| WHAT YOU HAVE TO DO |
Could you set down exactly the lines of the data below, starting at the one that holds "Пример написания русского" and ending at the one that holds "スキー ハーネス スノボー", both included, and only those?

| PROVIDED RECORDS |
=-=-=-=-=

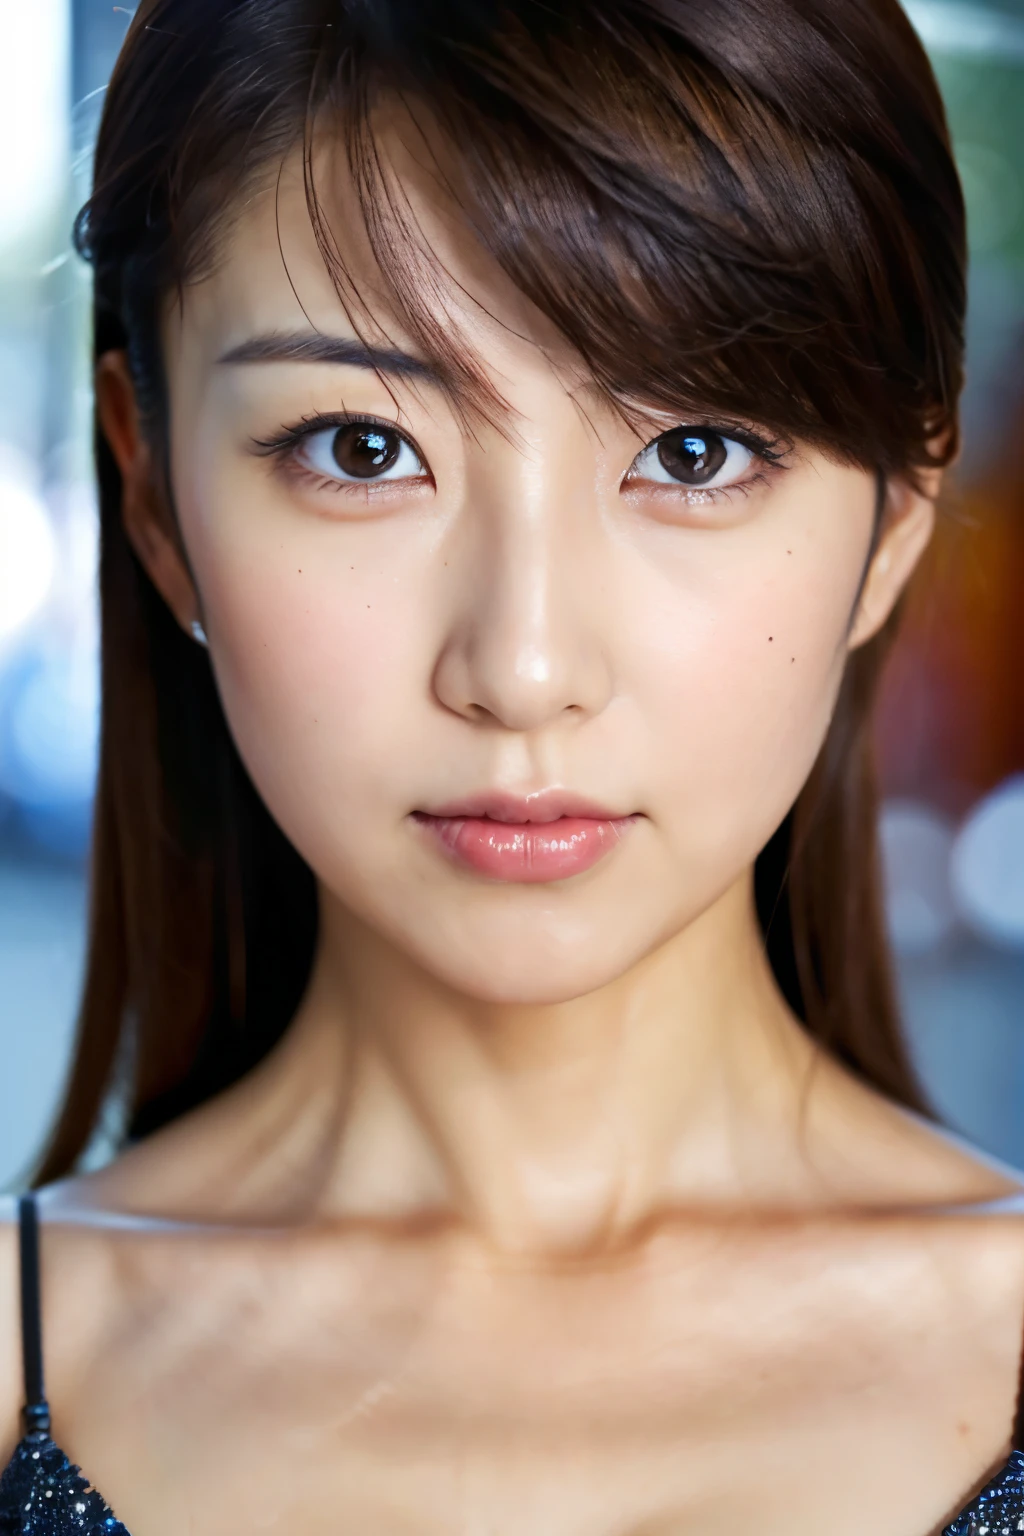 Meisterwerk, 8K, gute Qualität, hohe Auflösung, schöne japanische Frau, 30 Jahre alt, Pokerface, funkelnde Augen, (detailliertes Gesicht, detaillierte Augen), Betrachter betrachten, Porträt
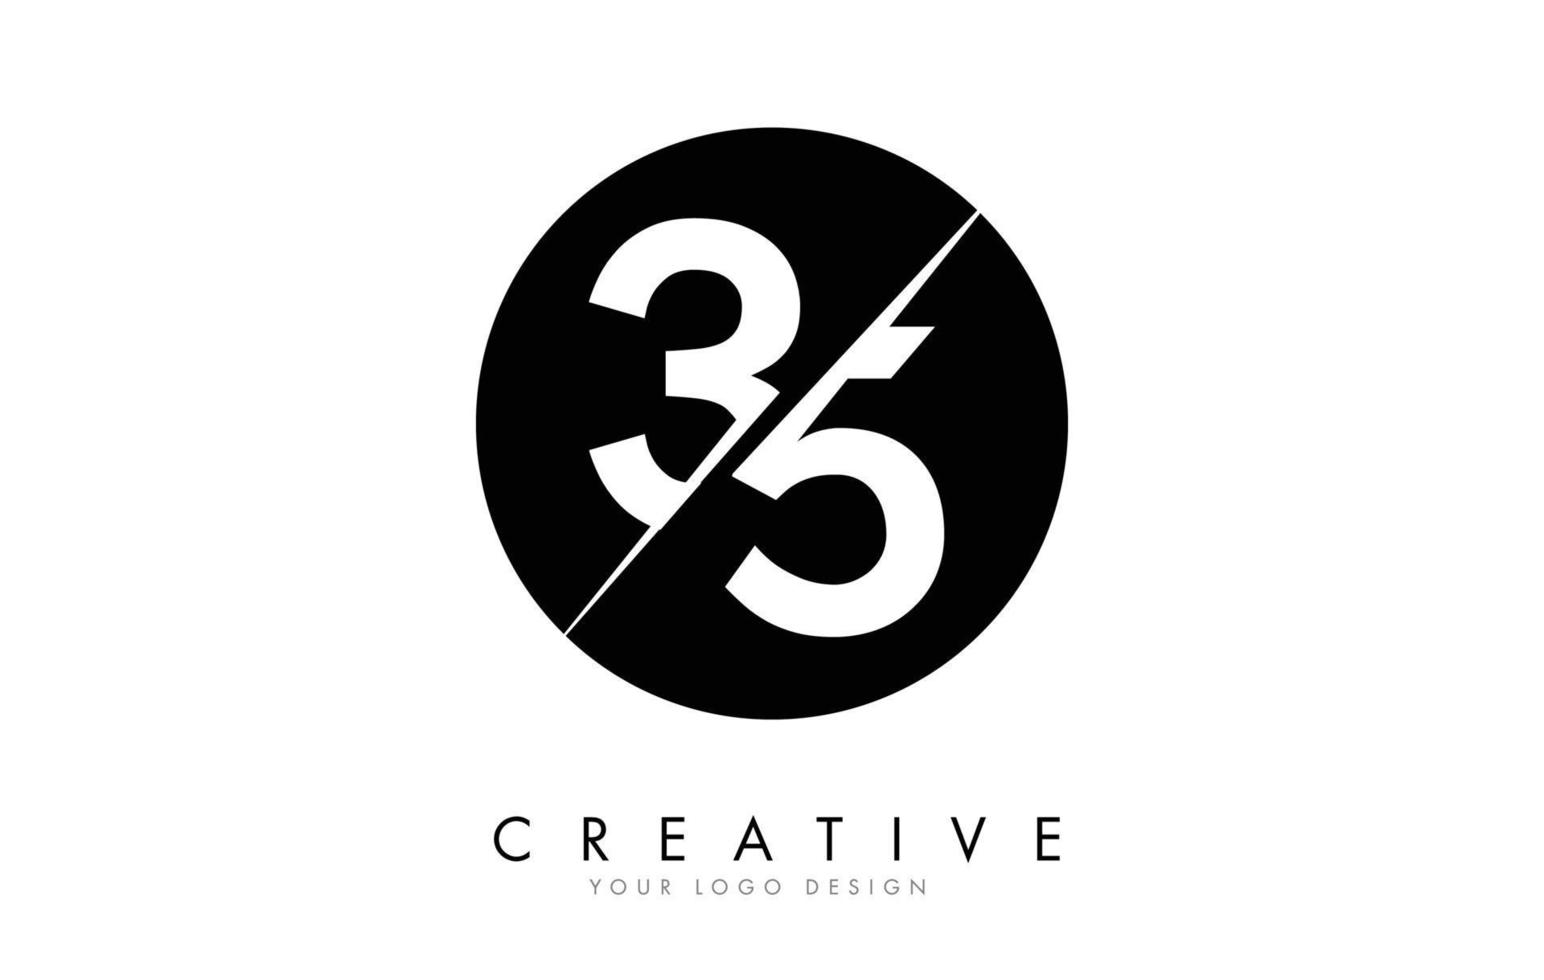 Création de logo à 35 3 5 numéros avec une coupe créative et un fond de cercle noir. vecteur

=-=-=-=-=

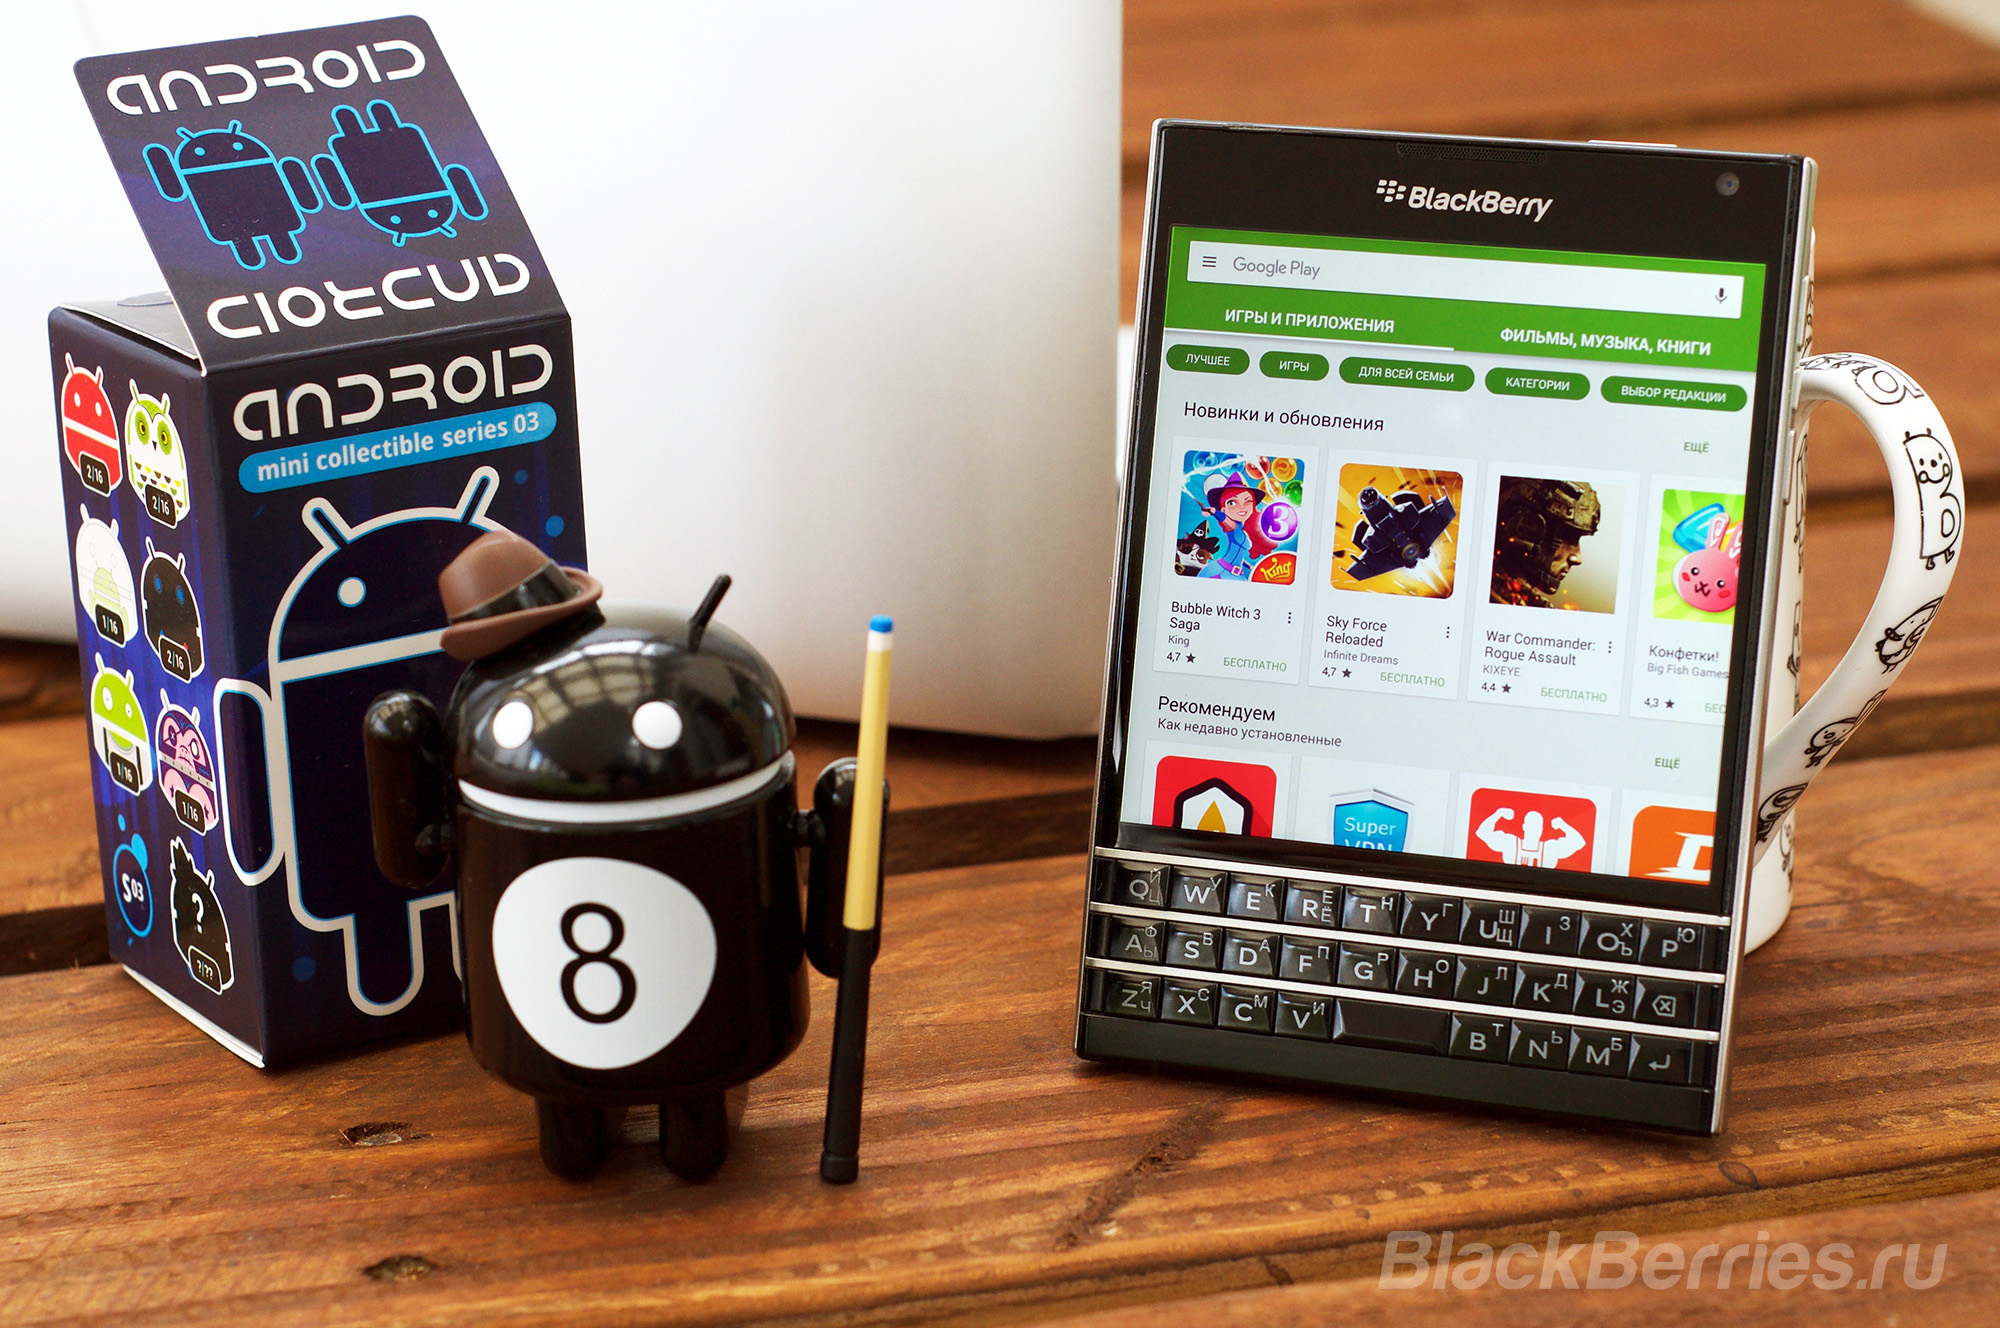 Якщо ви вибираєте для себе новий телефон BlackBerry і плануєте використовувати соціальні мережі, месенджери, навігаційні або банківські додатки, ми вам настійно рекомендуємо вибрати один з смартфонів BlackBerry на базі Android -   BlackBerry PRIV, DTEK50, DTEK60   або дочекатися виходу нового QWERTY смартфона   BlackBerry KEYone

=-=-=-=-=

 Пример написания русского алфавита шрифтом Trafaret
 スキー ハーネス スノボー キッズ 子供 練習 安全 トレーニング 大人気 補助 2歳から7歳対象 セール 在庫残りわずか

=-=-=-=-=

| SOLUTION |
 Пример написания русского алфавита шрифтом Trafaret
 スキー ハーネス スノボー キッズ 子供 練習 安全 トレーニング 大人気 補助 2歳から7歳対象 セール 在庫残りわずか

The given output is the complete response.